* _Records_:
========

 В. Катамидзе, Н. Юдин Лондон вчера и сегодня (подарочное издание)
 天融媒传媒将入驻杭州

========

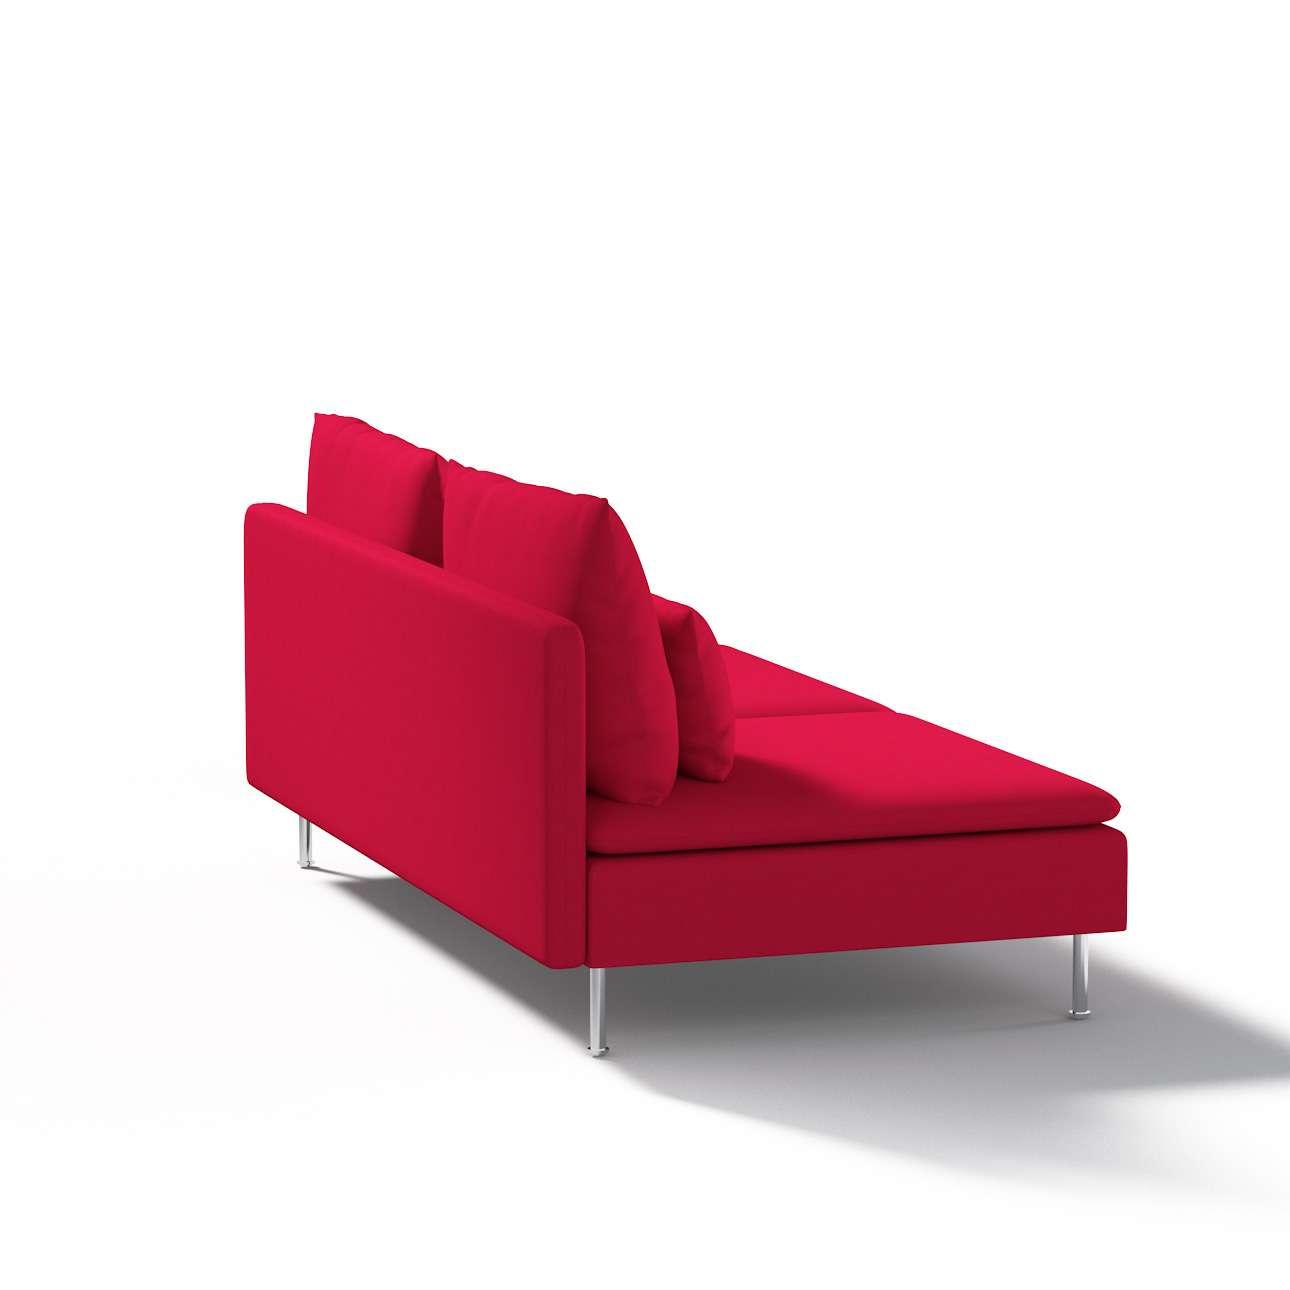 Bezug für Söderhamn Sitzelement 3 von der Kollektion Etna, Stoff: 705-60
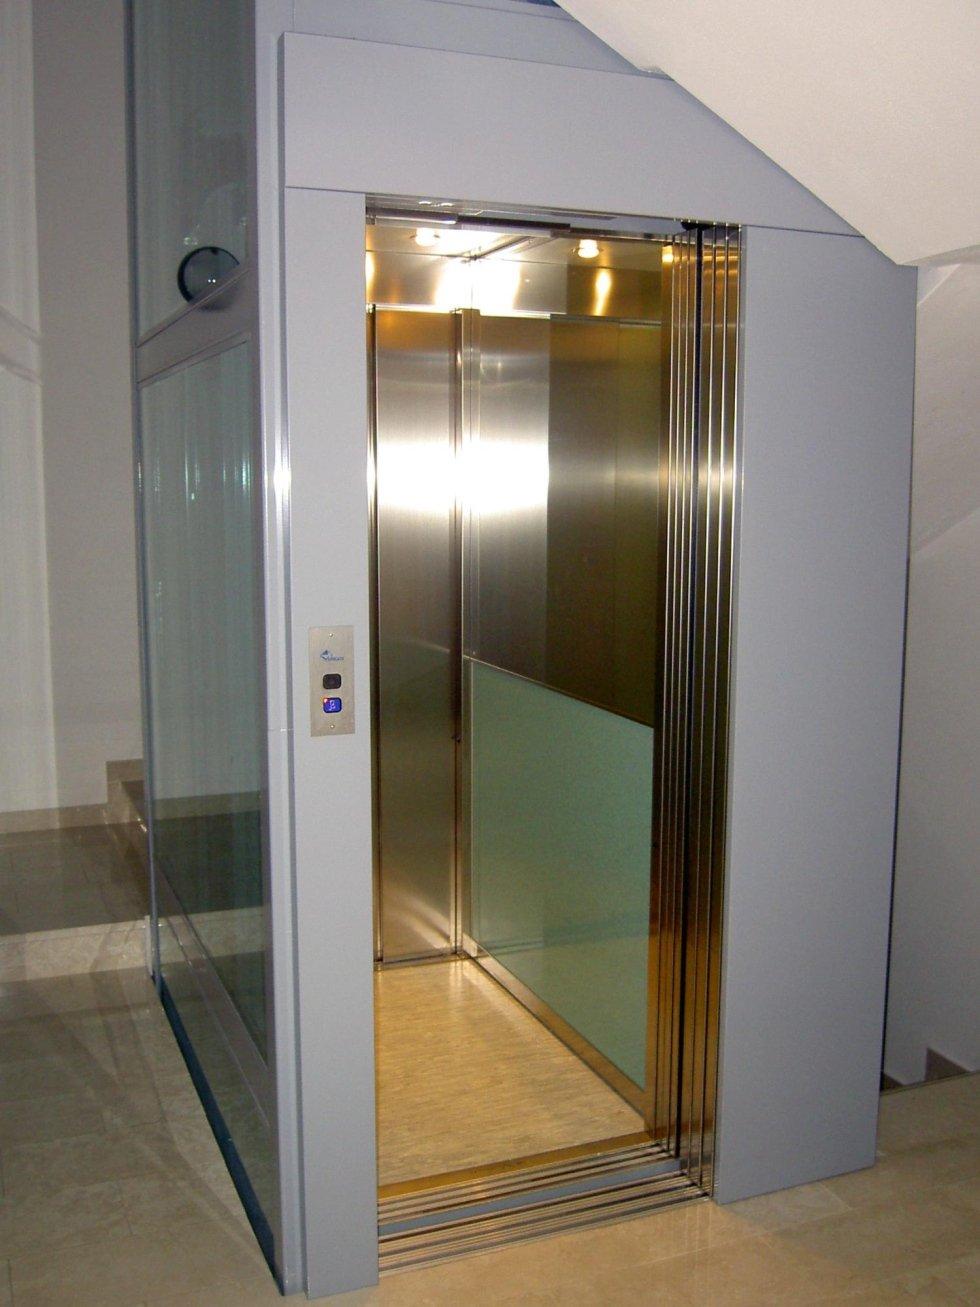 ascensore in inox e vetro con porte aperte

========

* _Required work_: Using the entries above, repeat exactly the lines from the one with "Bezug für Söderhamn" to the one with "ascensore in inox e vetro con porte aperte", both included, and leave the pictures behind.

* _Solution below_:
 Bezug für Söderhamn Sitzelement 3 von der Kollektion Etna, Stoff: 705-60
 ascensore in inox e vetro con porte aperte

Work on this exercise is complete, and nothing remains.